The next file wasn't on the Buddha, but the
small wedding ceremony coming up in three weeks. Unlike his cousin Max,
Pietr
planned a small, informal gathering in New York with
Sophie’s family. Four months pregnant, they wanted to make it official before
the baby came. Anya deliberately rescheduled her own wedding to accommodate.

 
   
A smile pulled at Walter's mouth. Anya
remained one of his best assets. Despite her engagement to the son of one of
IAAR's regents, she didn't turn down opportunities to reclaim stolen property
and lured her fiancé along with her. The two were hopelessly besotted with each
other and he imagined it wouldn't be long before she left fieldwork behind to
run assets of her own.

 
   
Regret tugged at him.
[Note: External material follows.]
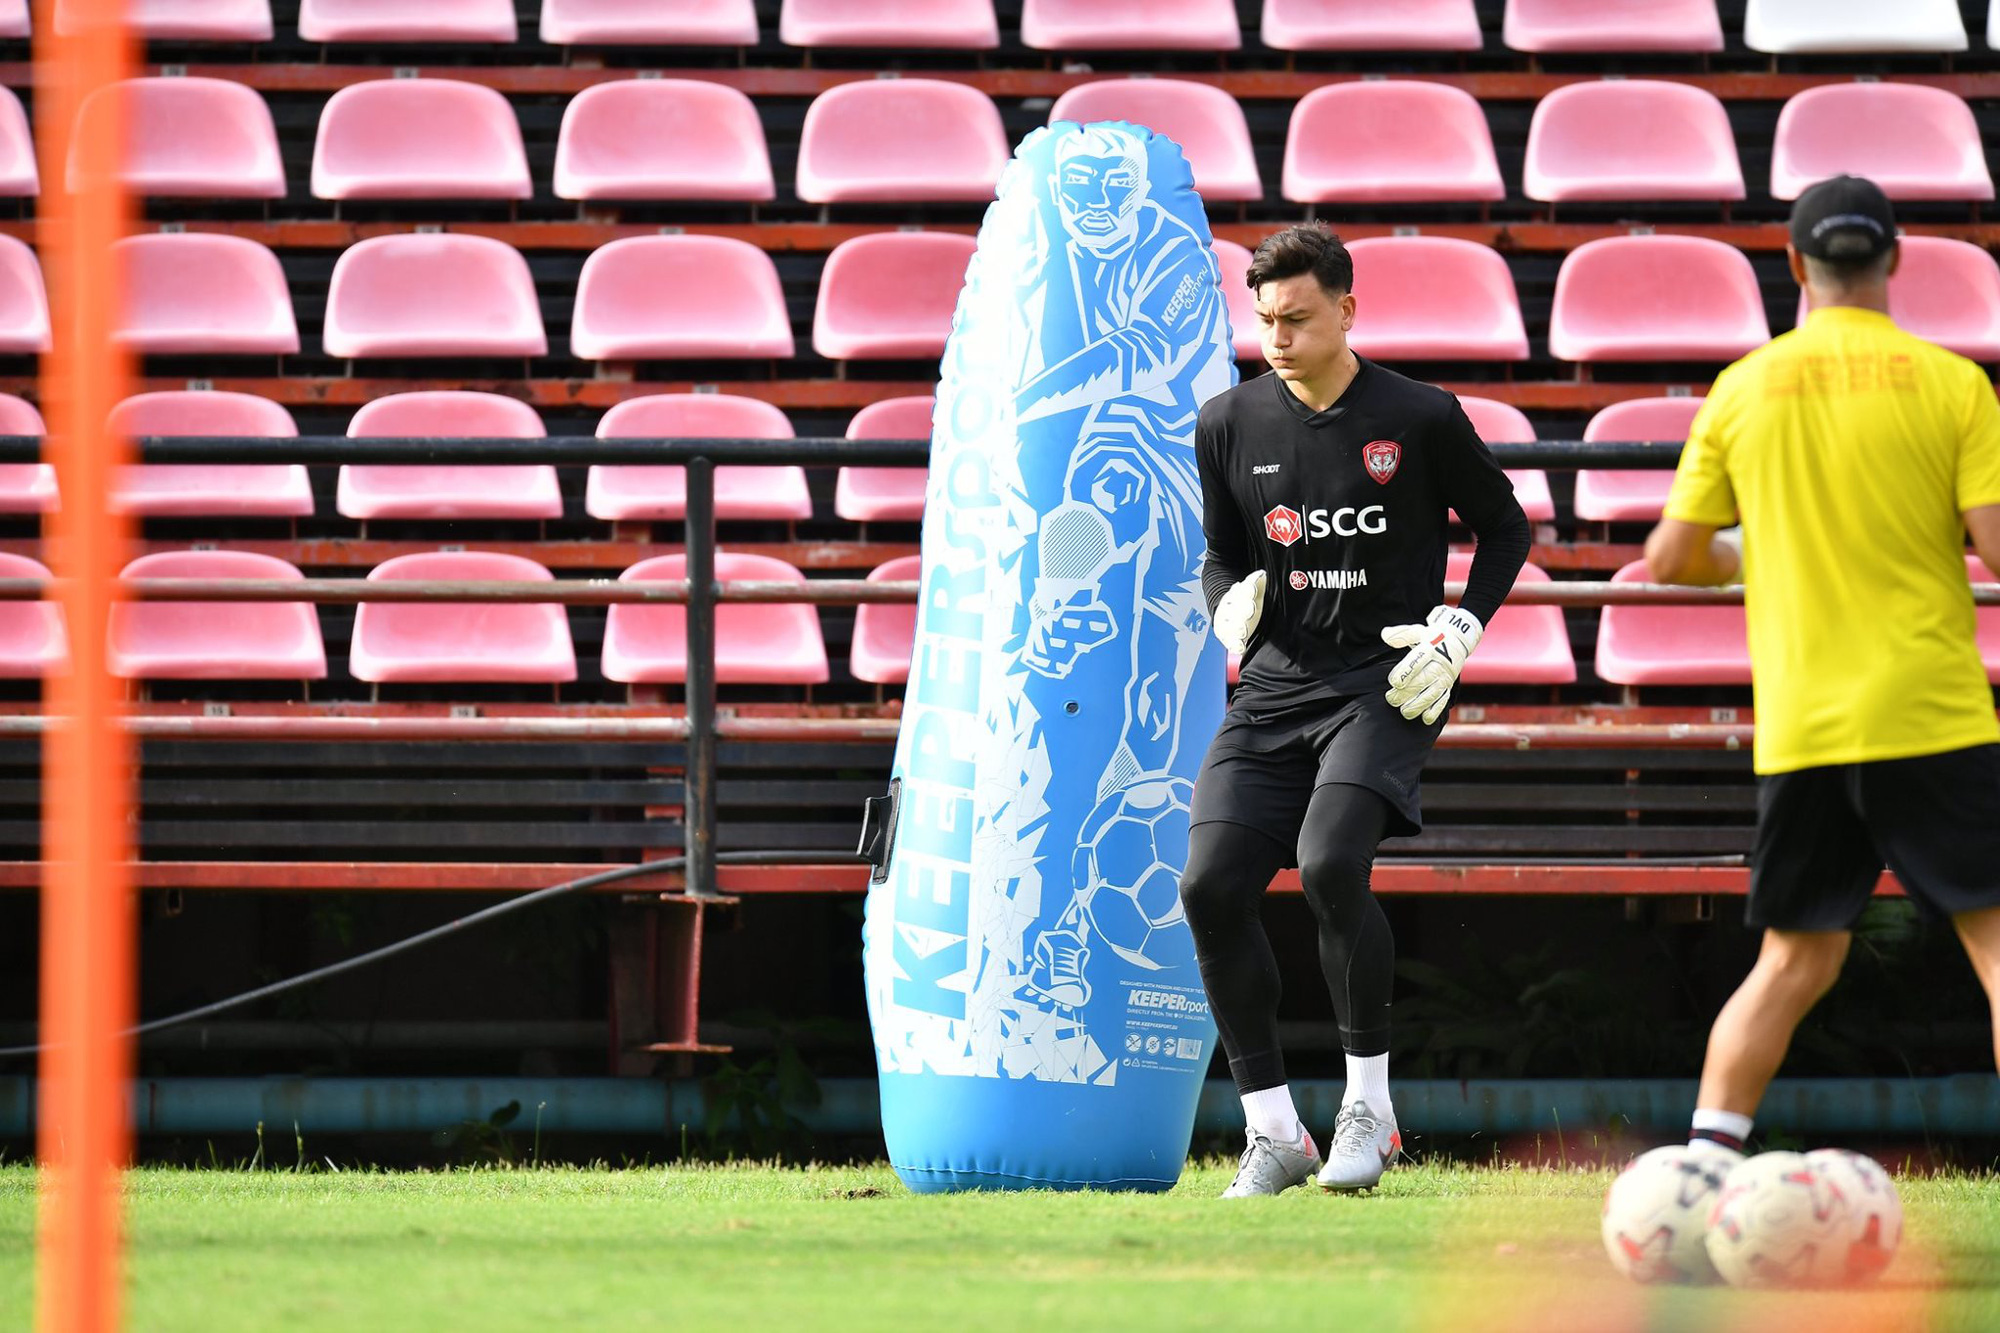 Sợ mất tiền, nhiều đội bóng Thái Lan lại trở mặt: Yêu cầu Liên đoàn hủy bỏ kế hoạch, sớm đưa Thai League trở lại - Ảnh 1.

A natural progression
for talent and he had done much the same thing; running assets and agents in
the field rather than go after the items himself.

 
   
Until now.

 
   
Rolling his forefinger down the guest list,
he paused at the one name he'd circled.

 
   
Lady Katherine Hardwicke.

 
   
The daughter of a wealthy land baron in
England, as well as a member of the aristocracy, she traveled in circles similar
to the
Sauvages
. She also turned up in New York
during the museum incident, befriended Sophie, and earned an invitation to the
wedding. But these were not the facts that aroused his curiosity.

 
   
No, the phone conversation he overheard
between Sophie and the Lady Hardwicke just two days before left him intrigued.

 
   
A conversation where Sophie called Lady
Katherine one name: Kit.

 
   
Beneath the invitation list lay the file
he'd had pulled on Lady Katherine. Sipping his coffee, he leaned back against
the pillows and read. He and Lady Katherine were about to be very well
acquainted.

 
   
It was time for Jarod to get back into the
game.

 
   
This one thief would not elude them again.